- **Task statement**: Give back the full listing, character for character, with no pictures.

- **Data shown**:
[Start of section]

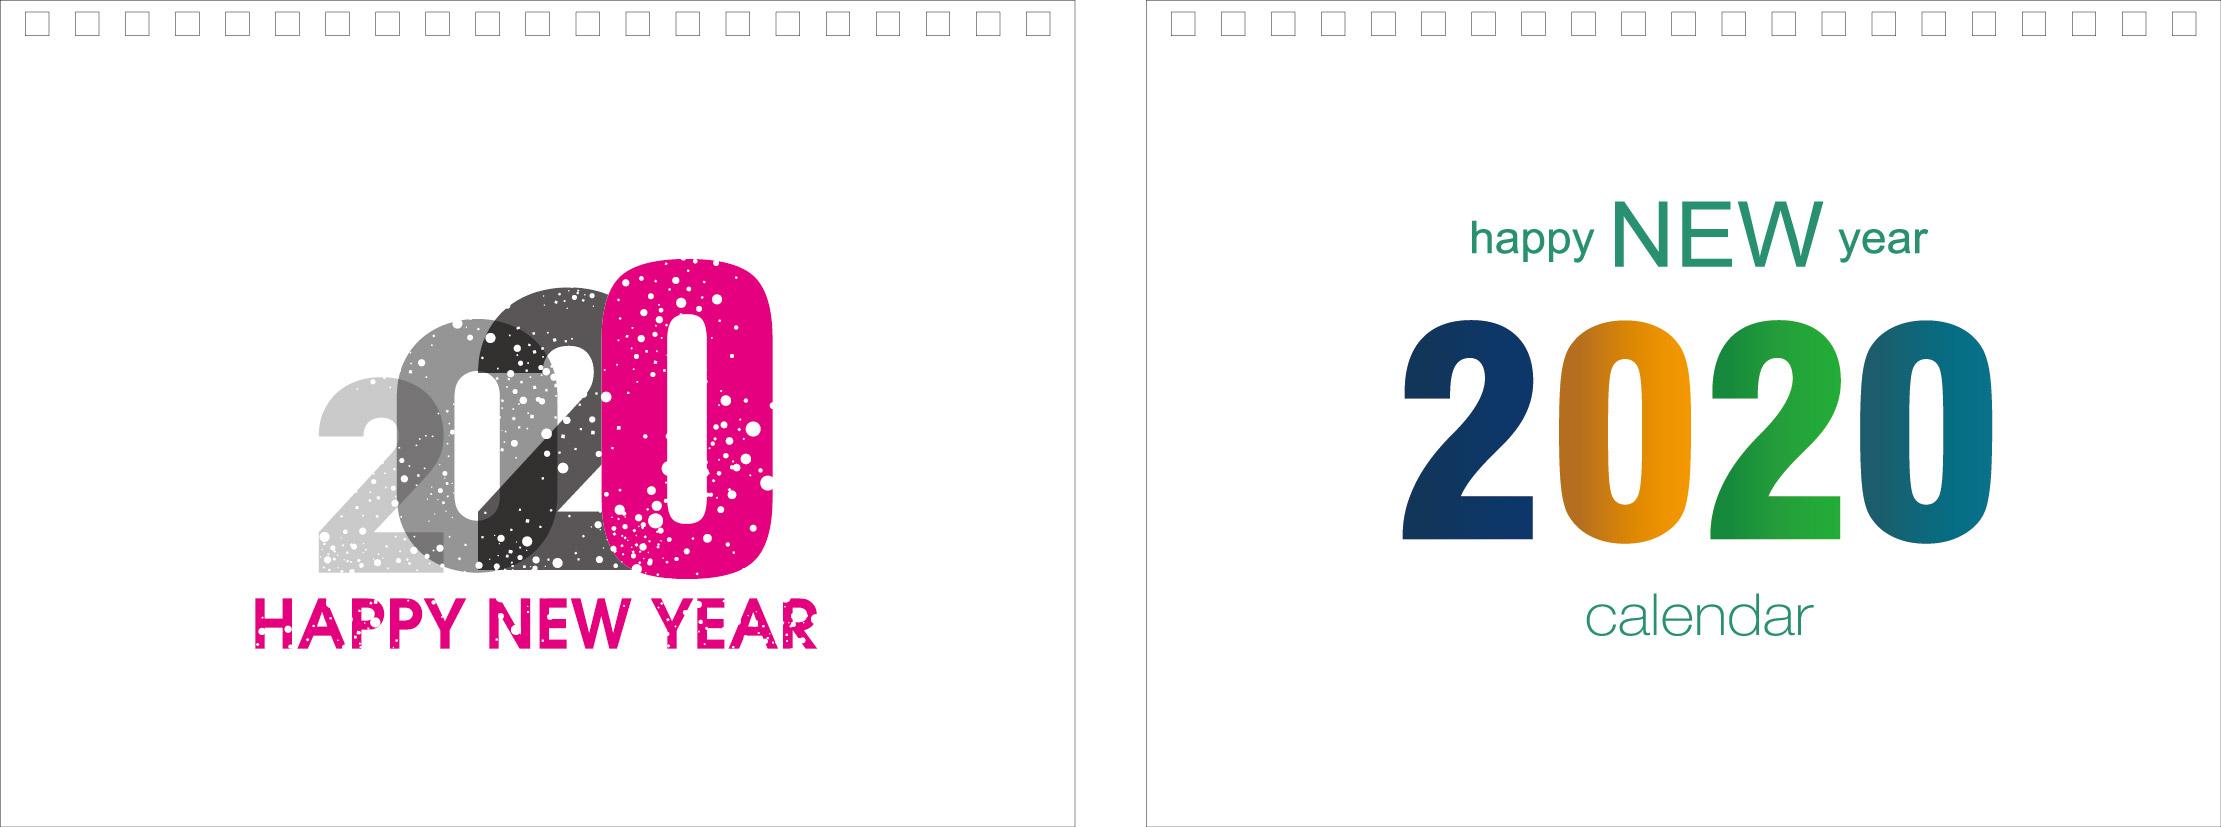 Print100 Desk CalendarB004
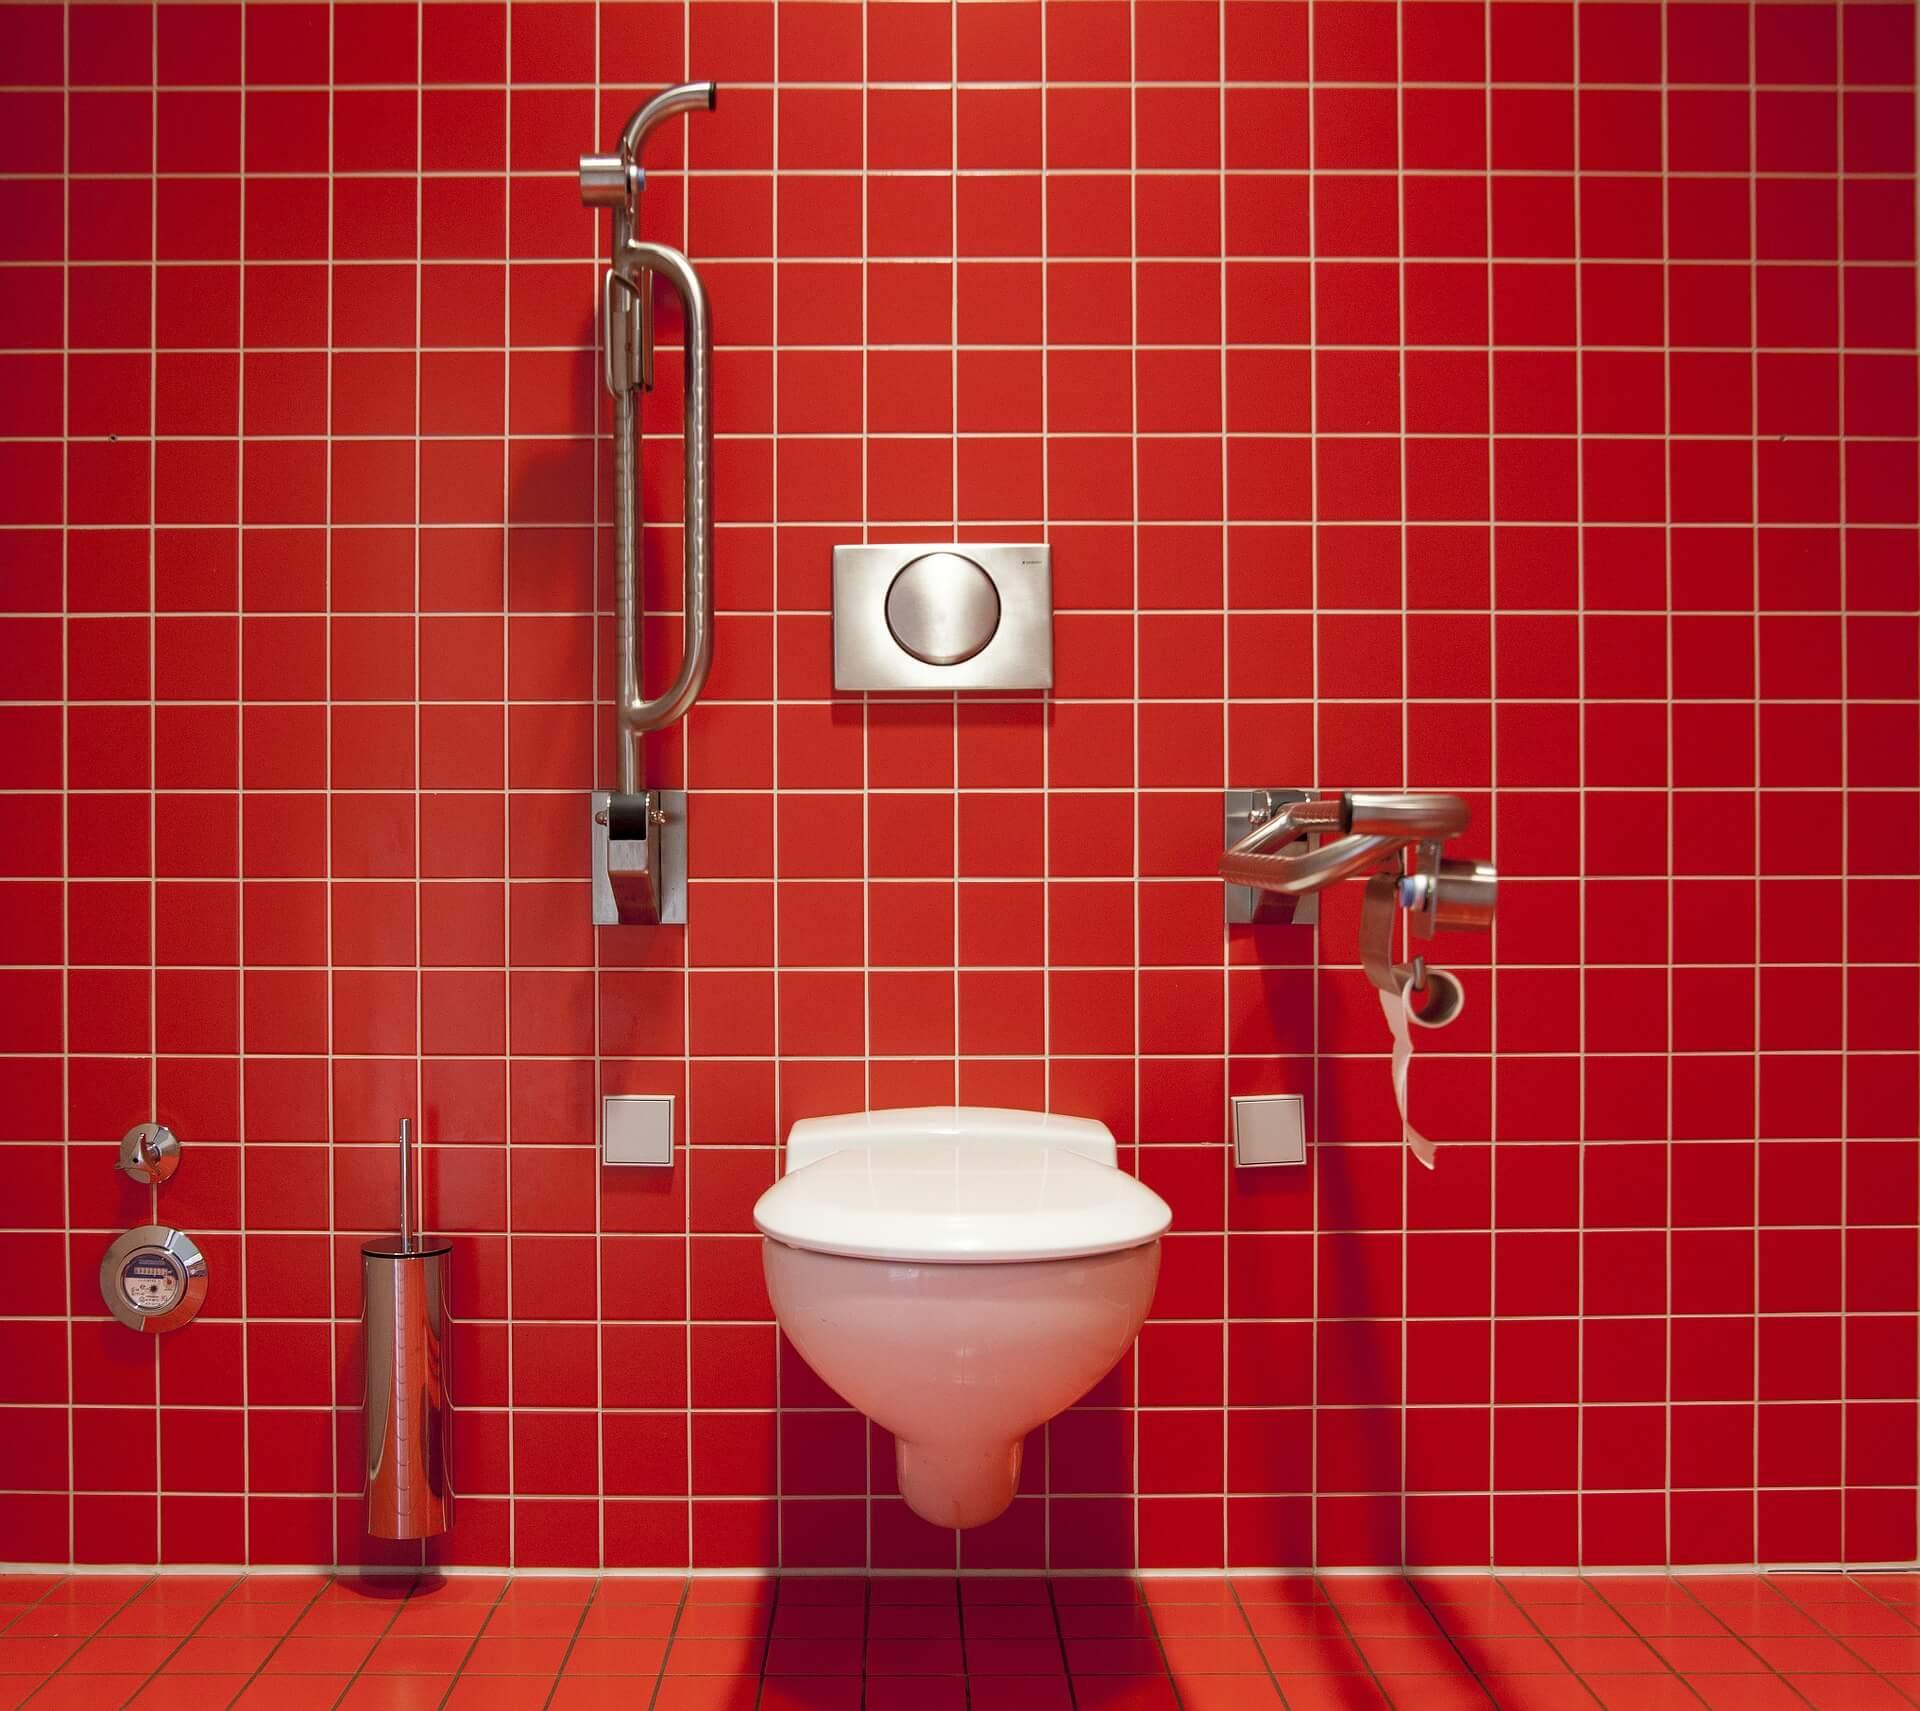 toilet, 3 ways to fix a clogged toilet at Mathews Plumbing
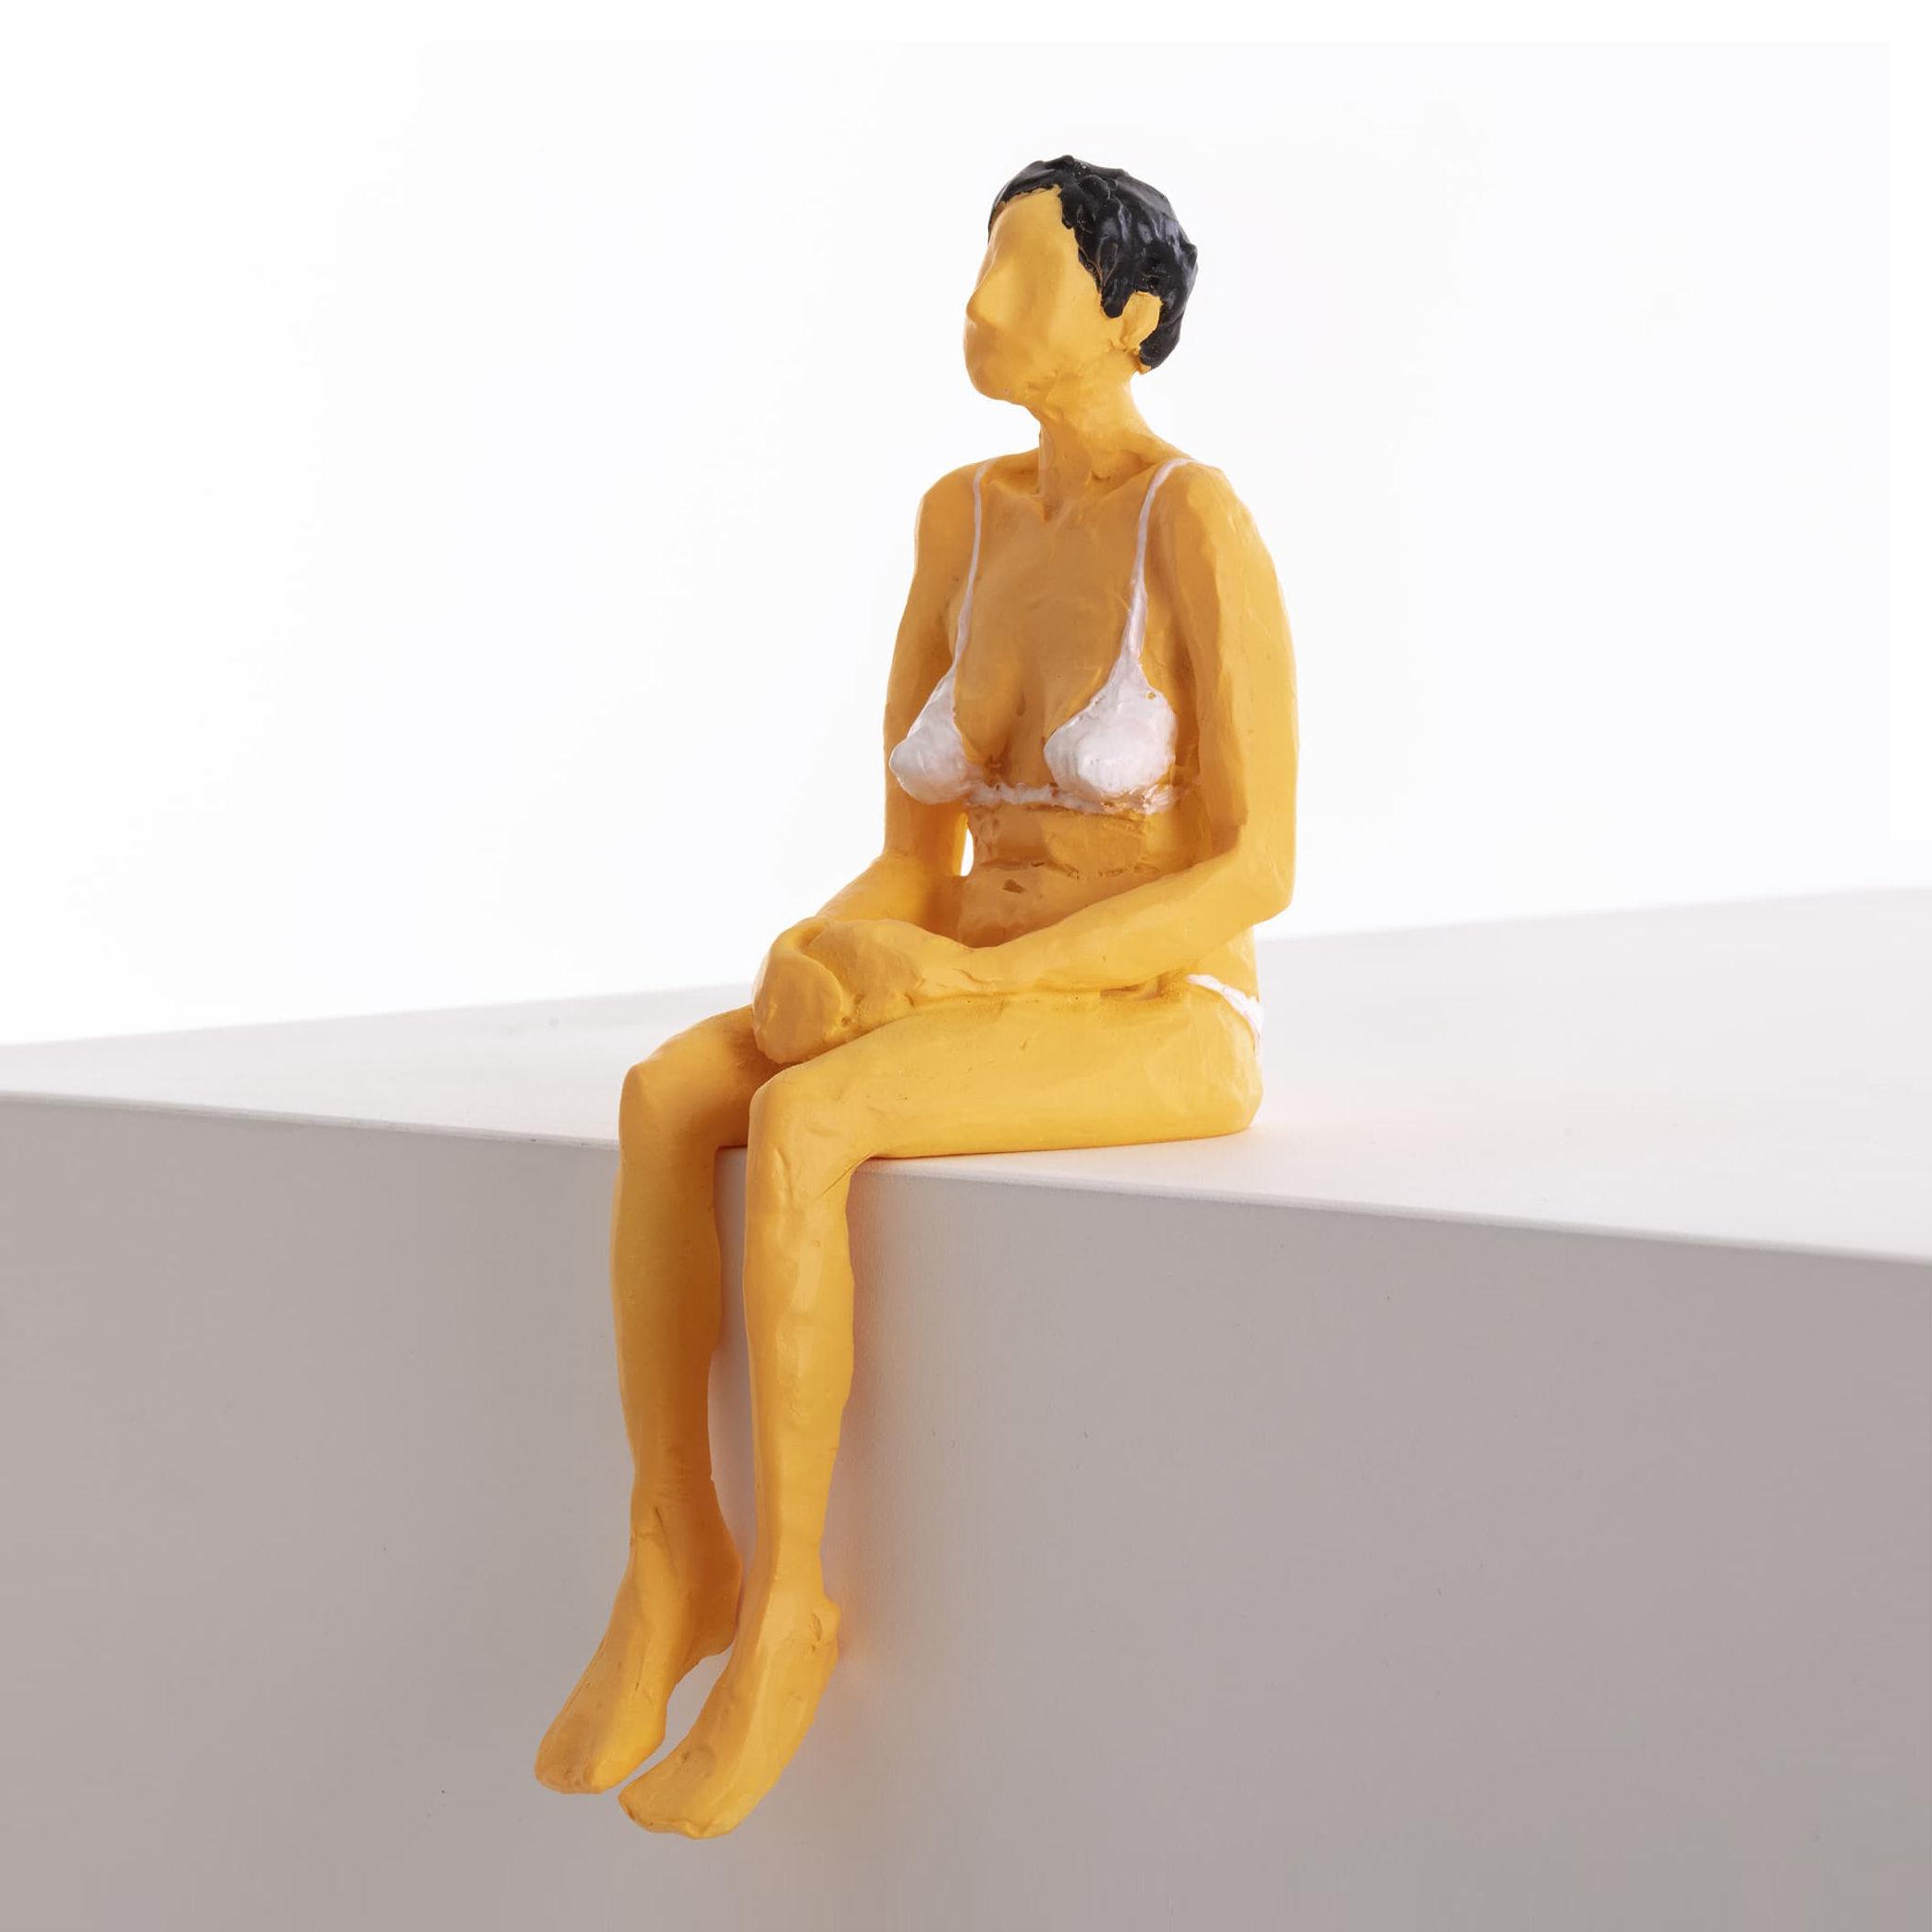 Dekoration - Dekorationsartikel - Love is a Verb Figur / Penelope - Seletti - Penelope - Harz

[End of section]

- **Your response**:
 Print100 Desk CalendarB004
 toilet, 3 ways to fix a clogged toilet at Mathews Plumbing
 Dekoration - Dekorationsartikel - Love is a Verb Figur / Penelope - Seletti - Penelope - Harz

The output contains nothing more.